Viaje de ida
Filiberto y Antonio nacieron el mismo día. Sus madres los paseaban panzudas por el pueblo, cogidas del brazo. Las otras, envidiosas entre medias de sus propias panzas, les criticaban tanta amistad.— Pa mí que se preñaron la misma noche.
— Y vete a saber de quién es quién.
— Sí, vete tú a saber, entre tanto rebujón…
Pero ellas seguían a lo suyo, que era bordar los ajuares para otras menos mañosas. Los de ellas se los fueron haciendo desde chicas, que en sus tiempos no se llevaba hacer otra cosa. Filiberto y Antonio crecieron entre los hilos de las conversaciones tejidas por las tardes alrededor del café.
— Voy a hacer una jicarita de café.
— Pues sí, y trae los rosquetes que le compré a Maruca, que están fresquitos.
Y Filiberto y Antonio andaban vestidos por el pueblo, porque sus madres les cosían la ropa a conciencia, y calzados, porque sus madres les compraban los zapatos con los ajuares vendidos, mientras los demás andaban descalzos y mal ajeitados. Las otras madres también opinaban de los chicos: sin nada que vender, regalaban sus quejas.
— Fíjate tú, si los visten como de Primera Comunión para ir a embarrarse en el fango.
— Yo, ¡ni por cuánto visto así a mi Pedrito! Ni los domingos.
Las madres y los hijos siguieron a lo suyo.

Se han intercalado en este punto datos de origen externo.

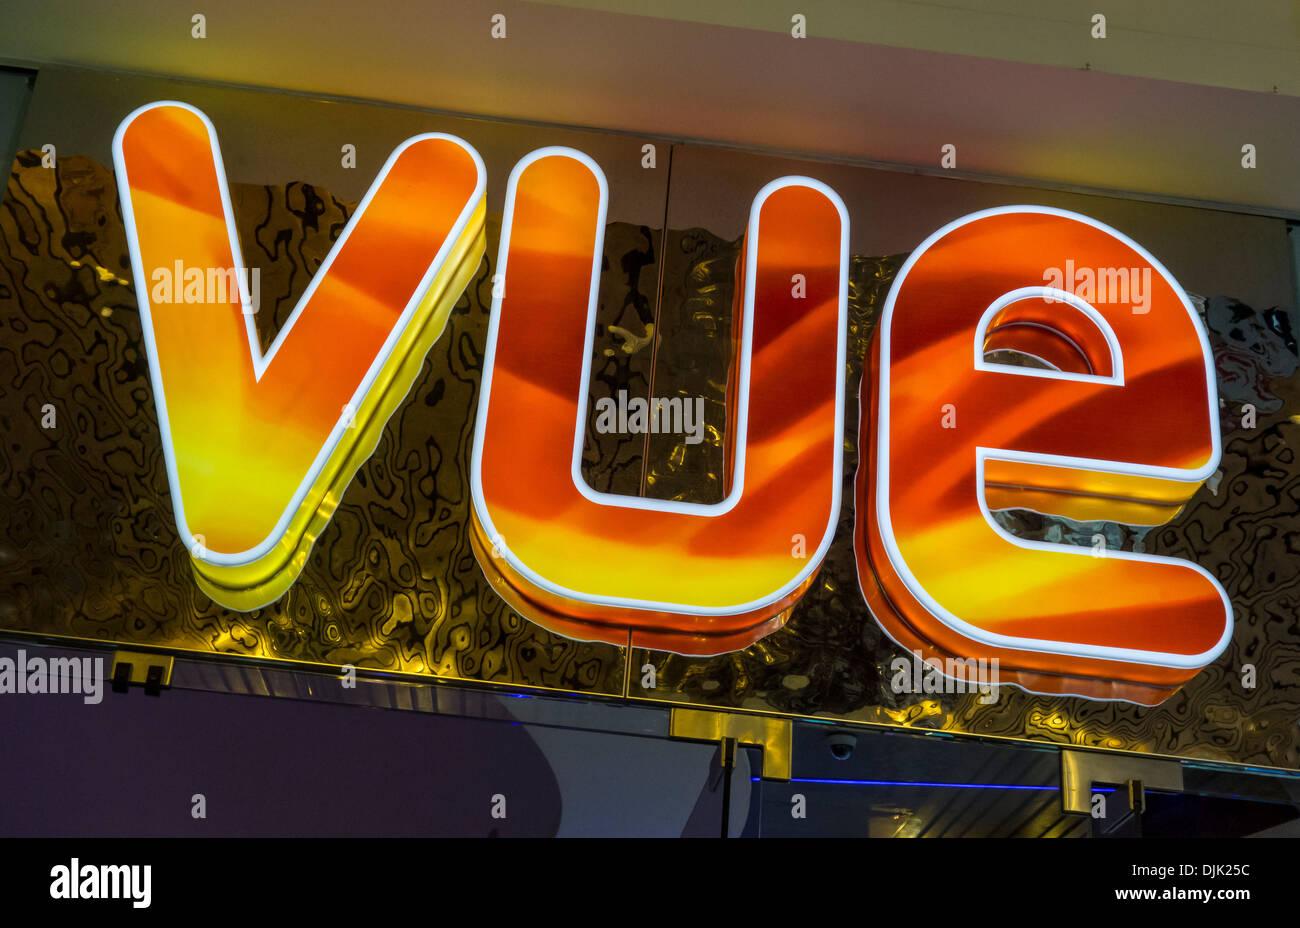 Vue Cinema Illuminated Sign Logo - Stock Image

Filiberto y Antonio no sabían lo que eran: no eran hermanos ni primos, pero tampoco amigos como los demás… Eran los hijos hasta que fueron los padres. Crecieron juntos en el mismo pueblo, con los hijos de las otras, hasta que ya nadie se acordaba de cómo lo habían vestido o calzado de chico, ocupado cada uno en vestirse de grande y en calzar a sus hijos chicos. Cada uno a lo suyo.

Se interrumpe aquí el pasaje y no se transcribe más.